Just as I was writing this post though, Marvin hopped up on the end of my bed and quietly watched me type. Every morning I wake up to find him spooning me, content to be dragged into my arms like a bag of cat parts and squeezed like a stuffed bear. His cuddly nature is the one thing that has stopped me from punting him out of the window on oh so many sleepless nights. I'm not a dog person, or a cat person, I'm an animal person. And I'm in desperate need of a really good lint brush.

Tuesday, October 1, 2013

Domestic Tuesday: Oktobock

I love fall, or at least I do once the fall rush is over. When my customers ebb from complaining that their textbooks or coursepacks aren’t in the store, to complaining to other people that they can’t finish their papers on time, I can finally enjoy the season. Fall colours, wool-wearing weather, and so many exciting new beers on the shelves.

I had my eye on the Beau’s All Natural Oktoberfest Pack for a while. Can you tell why?


No, it’s not because I need an iron. See a few tentacles? Perhaps 24 of them? Unusually intelligent, sometimes poisonous, with two-thirds of their nervous system in their arms instead of their head, the octopus is my favourite animal. The pack’s Oktobock featured a red one on the label (I'm holding it in my left hand.) I had missed the Oktobock last year, but I wouldn’t let it get away this year, and so I picked up a pack for a friend’s board game party.

The Oktobock was the first thing I poured. To be worthy of the octopus, it had to be good, right?

Well, imagine my disappointment when it tasted of… jujubes. Wine and jujubes. But as somebody pointed out, I was pouring it into a wine glass, which had just been drained of red wine.

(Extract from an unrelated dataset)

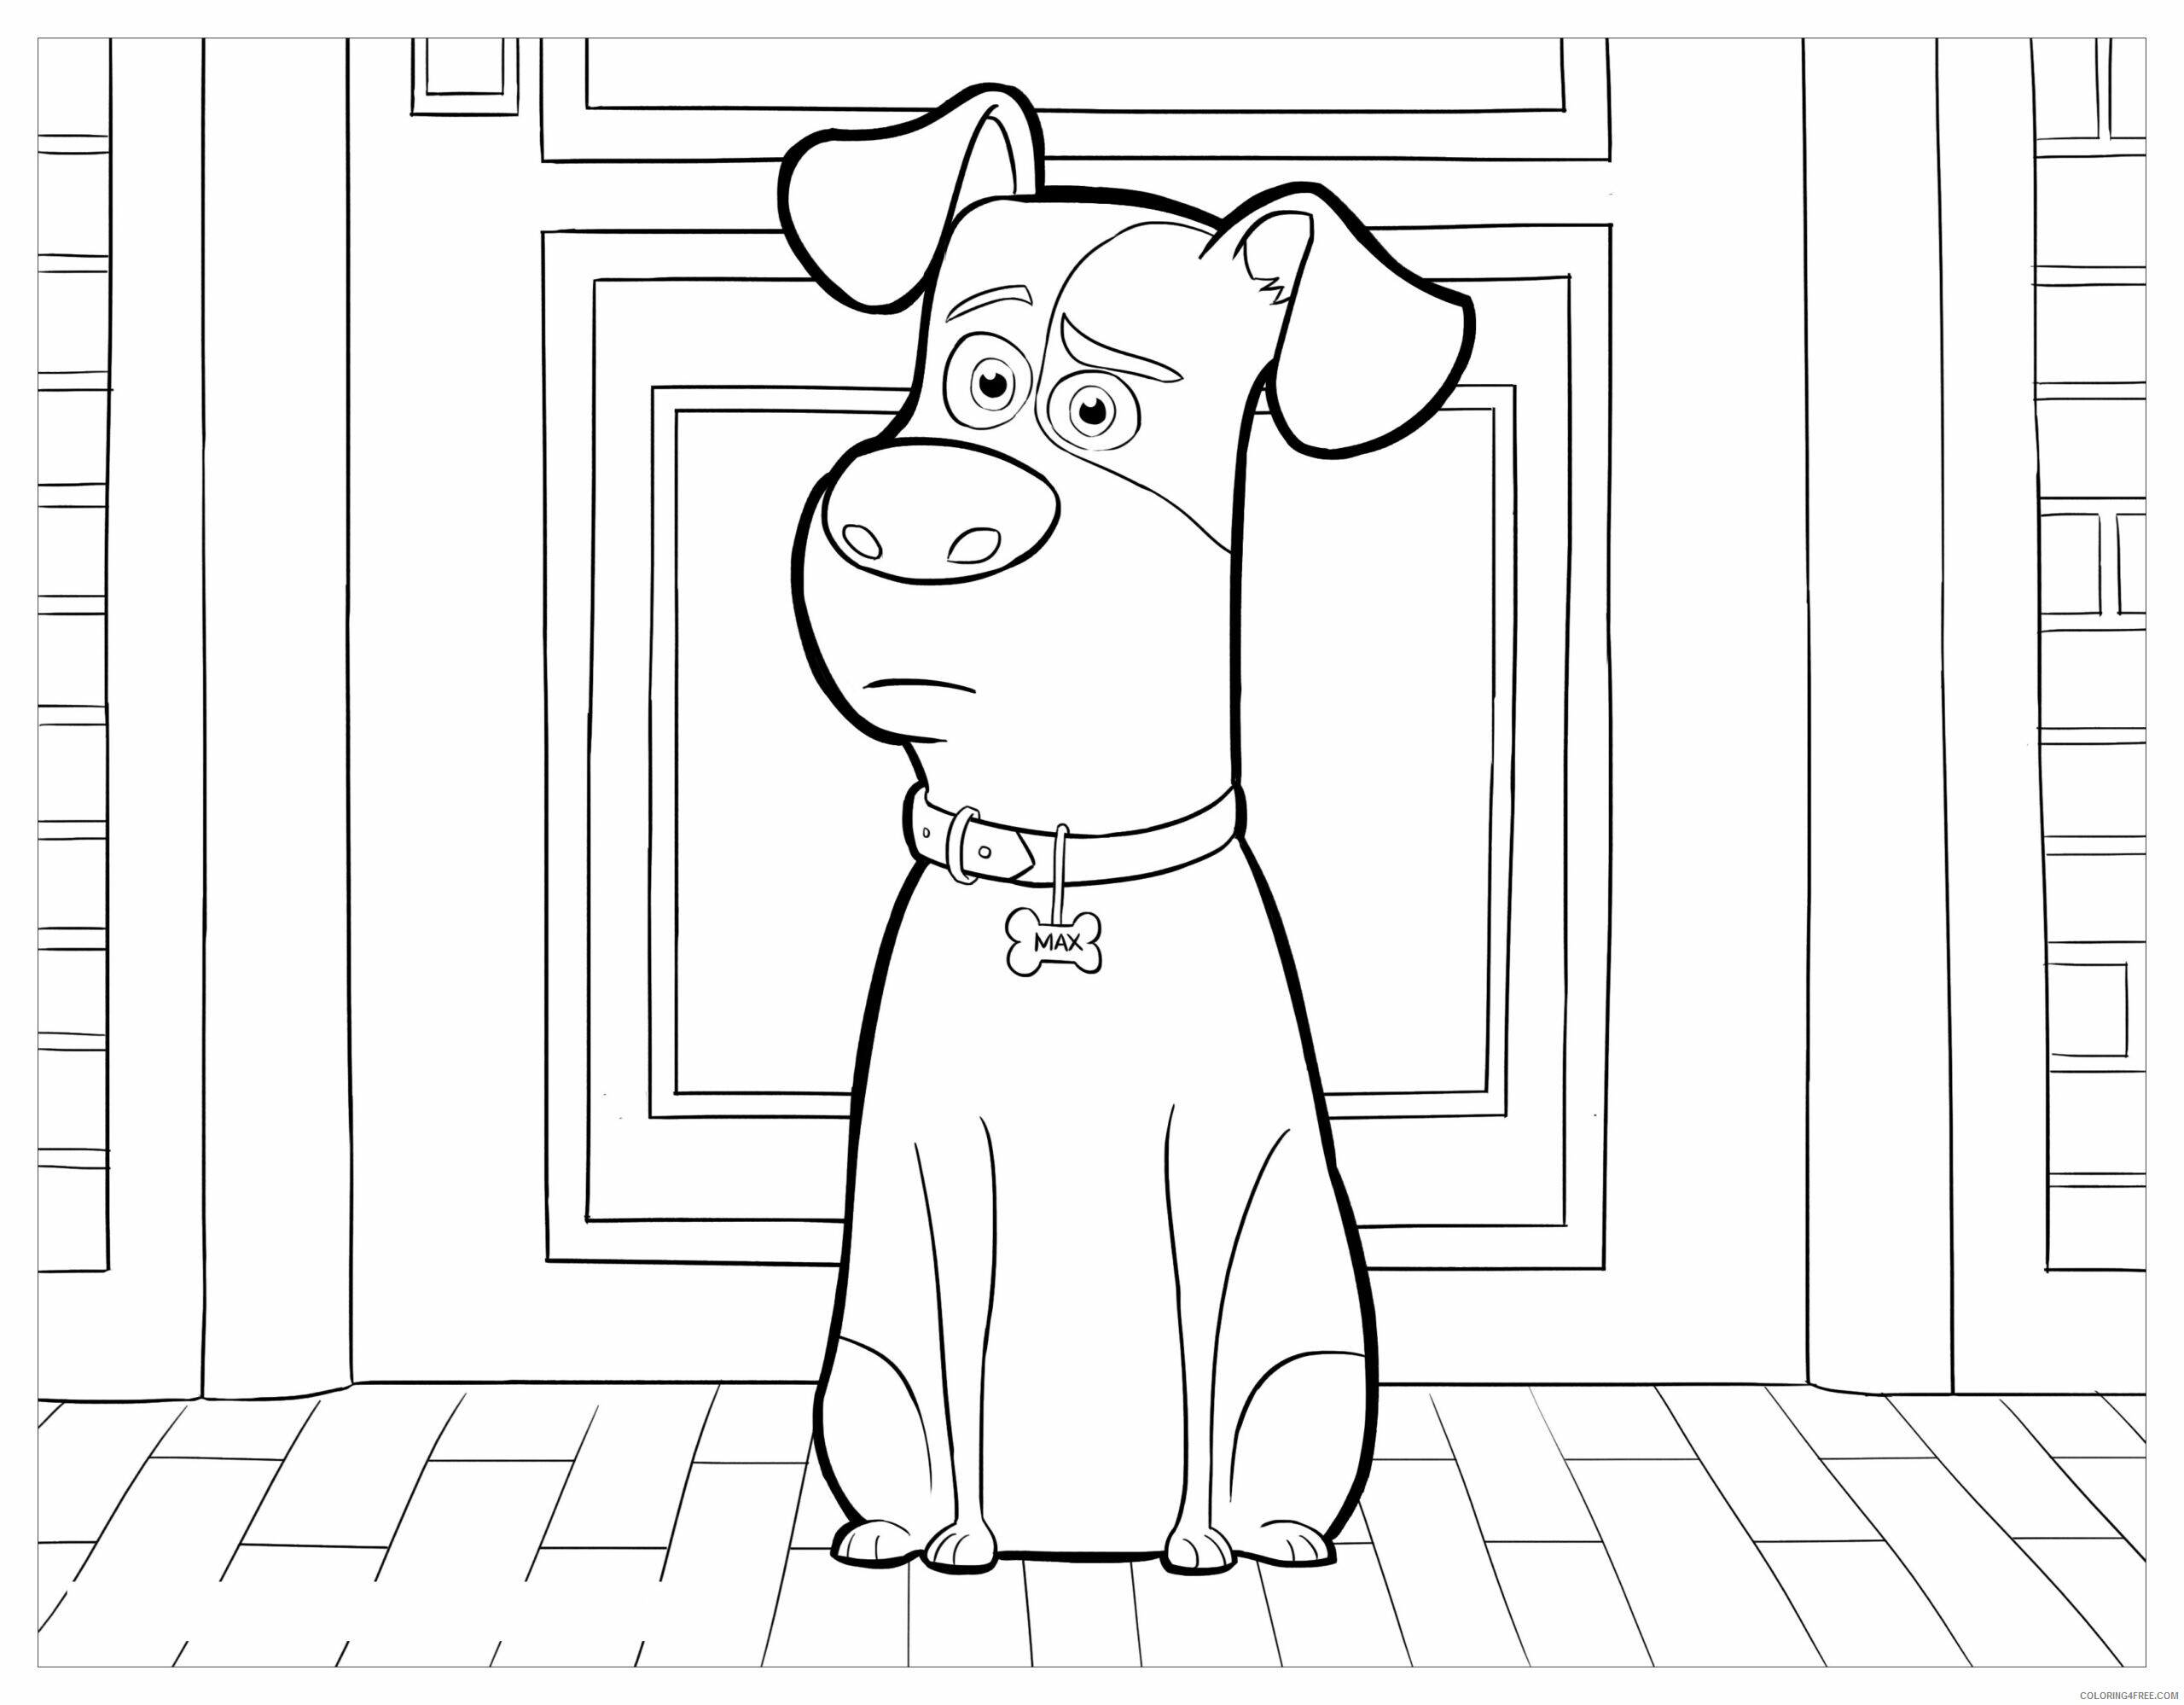 The Secret Life of Pets Coloring Pages TV Film Printable 2020 09527 Coloring4free

Yes, I am the least classy glassware user out there.

So I drained that glass and gave it a second shot. It still tasted fruity, and not in a way I appreciated. I love the complexity of beers with fruit notes, but this one ended up somewhere between medicinal and candy-like. With enough glasses (no one wanted to share), the 7% ABV eventually kicked in and my opinion improved marginally. I'm willing to give it a second chance, but I suspect it will never be my favourite Beau's offering.

And so I’ve learned: never judge a beer by its label. No matter how cute it may be.